1744-1834
Circa 1767
Oil on canvas
49.6 x 39.75 ins, 126 x 101 cm
Joyce Crowther was the daughter of John Crowther of Bow, owner of the Bow china factory. There is a pun in the bow she is holding.
In 1764 aged 20 Joyce married Sir James Winter Lake, 3rd baronet (1741-1807) of The Firs, Edmonton. She died on 25 July 1834, aged 90, at Boulogne sur Mer.

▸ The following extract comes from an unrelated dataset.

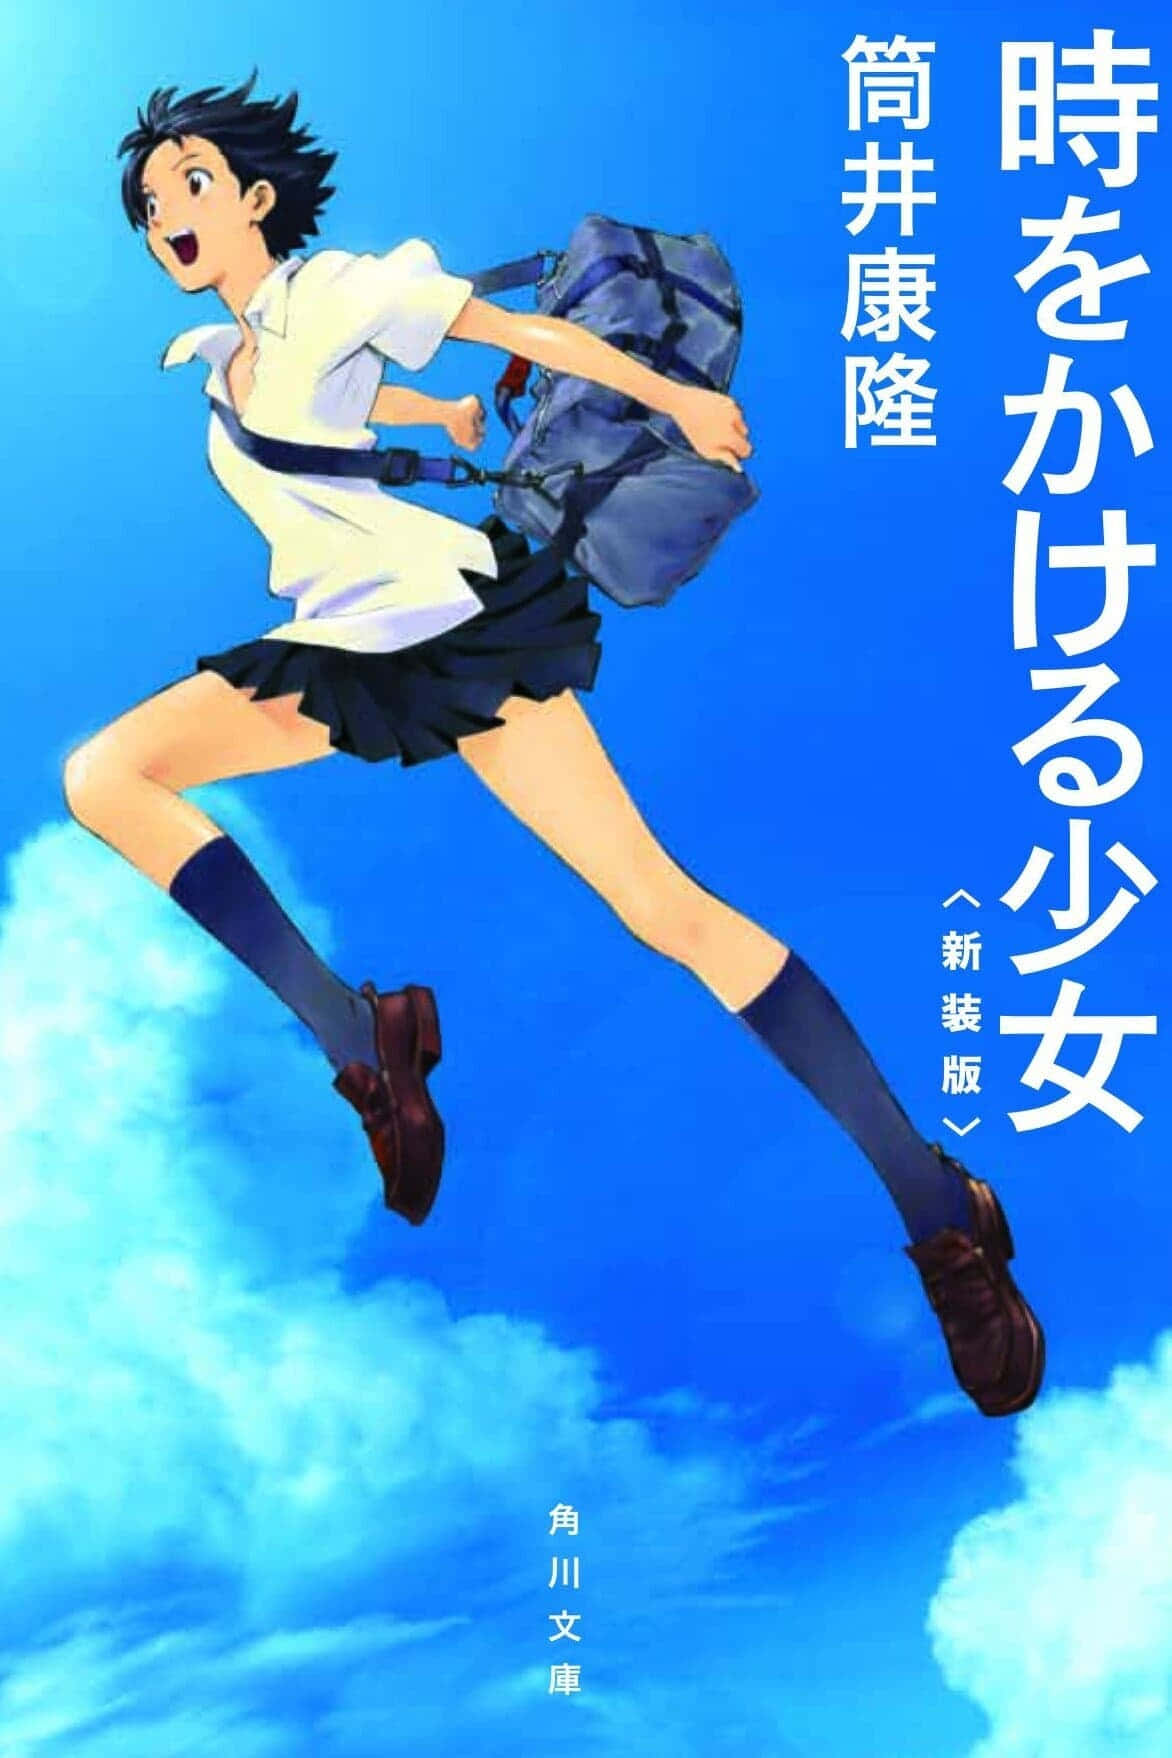 Makoto Konno's Leap of Faith Wallpaper

Sir James was the eldest son of Sir Atwell Lake and Mary, the daughter of James Winter of Mile End. Sir James was admitted to Trinity College Cambridge on 2 June 1760 where he studied classical languages. Cultured and with a lifelong interest in the arts he became a passionate collector, following in the footsteps of his father and grandfather. He was able to do this because of his great wealth derived from his succession of positions with the Hudson’s Bay Company: as a member of the Committee (1761-82), then as Deputy Governor (1782-99) and finally as Governor (1799-1807).
Francis Cotes had been apprenticed to George Knapton from about 1741 to 1747. He worked in pastels and crayon into the 1750s. His first recorded portrait in oils was in 1753.
He exhibited at The Society of Artists from 1760 and was much influenced by Reynolds although Cotes’ likenesses were more informal and intimate. As one of the most fashionable and sought after portrait painters in London, he became a founder member of The Royal Academy in 1768.
This portrait was not painted earlier than 1764 (the year of Joyce’s marriage when she was 20) and probably dates from slightly later, based on the sitter’s apparent age and on comparison with other portraits by Cotes at around this time. The portrait most likely dates to 1767, when Cotes painted similar works including Thomas Crathorne and his wife Isabel.
The Diana imagery in this portrait has significant similarities to Reynolds, particularly through the work of the drapery painter Peter Toms (1726-1777), who worked for Reynolds from c. 1755 to the early 1760s and then intensively for Cotes from 1763 or 1764.
J. T. Smith, Nollekins and his Times and Memoirs of Contemporary Artists vol.1 page 161.